Pangenome Analysis Pipeline

A Nextflow pipeline for pangenome analysis of bacterial proteomes using CD-HIT, Foldseek, or SwiftOrtho clustering, with UniProt functional annotation and core genome analysis.

What this pipeline does

Merges all your input protein FASTA files into one consolidated file
Clusters similar proteins across all strains using your chosen method
Builds presence/absence matrices (which genes are in which strains)
Identifies core genes — those present in all or most strains
Annotates core and accessory genes using UniProt
Produces plots, tables, and summary statistics

Requirements

You need two things installed before running anything:

Nextflow

curl -s https://get.nextflow.io | bash
sudo mv nextflow /usr/local/bin/
nextflow -version   # should print a version number

Conda (Miniconda is fine)

Download from: https://docs.conda.io/en/latest/miniconda.html
All Python packages are installed automatically by the pipeline on first run. You do not need to install anything else manually.
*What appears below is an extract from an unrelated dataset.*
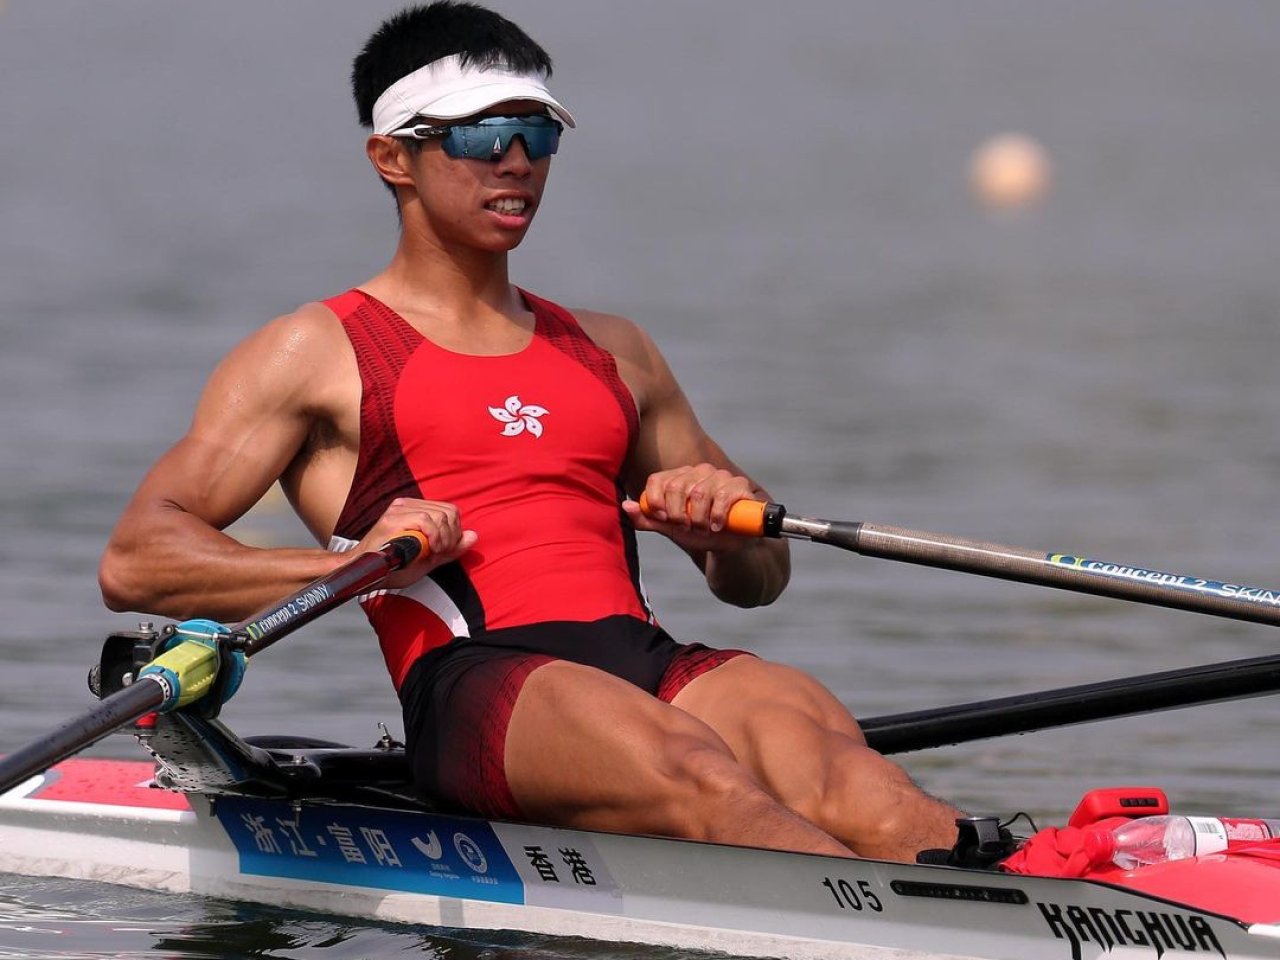 Rower Chiu Hin-chun will race in repechage

Pipeline directory structure

Your pipeline folder should look like this before running:

pipeline/
├── main.nf
├── modules.nf
├── nextflow.config        ← this is where you change settings
├── envs/
│   ├── pangenome_env.yml
│   ├── goatools_env.yml
│   └── swiftortho_env.yml
├── scripts/               ← all Python scripts live here
├── fasta_foldseek/        ← your input FASTA files go here
└── my_proteome_metadata.tsv

Input files you need to provide

1. Protein FASTA files (required)

One .fasta, .faa, or .fa file per strain, all in the same directory. The pipeline reads all files in that directory automatically.

fasta_foldseek/
├── UP000000377.fasta
├── UP000000428.fasta
└── ...

2. Proteome metadata file (required)

A tab-separated file with one row per strain. Example:

Proteome_ID    Organism                     Strain
UP000000377    Streptomyces coelicolor      A3(2)
UP000000428    Streptomyces avermitilis     MA-4680

How to change settings

All settings are in nextflow.config. Open it in any text editor. The most important ones are near the top under params:

params {
    name_prefix            = 'Strep'          // prefix on all output files
    raw_input_directory    = "${params.baseDir}/fasta_foldseek"
    proteome_metadata_file = "${params.baseDir}/my_proteome_metadata.tsv"
    clustering_method      = "cdhit"          // cdhit | foldseek | swiftortho | all
    database               = "uniprot"        // uniprot | ncbi
    threads                = 12               // CPU threads to use
    cdhit_identity         = 0.65             // CD-HIT identity threshold (0–1)
    cdhit_coverage         = 0.75             // CD-HIT coverage threshold (0–1)
}

You can also override any setting on the command line without editing the file — just add --parameter_name value:

nextflow run main.nf --threads 24 --cdhit_identity 0.70

Command line values always take priority over nextflow.config.

How conda environments work

You do not need to create or activate any conda environment yourself. When you run the pipeline for the first time, Nextflow reads the .yml files in envs/ and builds the environments automatically. This happens once and takes about several minutes. Every subsequent run reuses the cached environments instantly.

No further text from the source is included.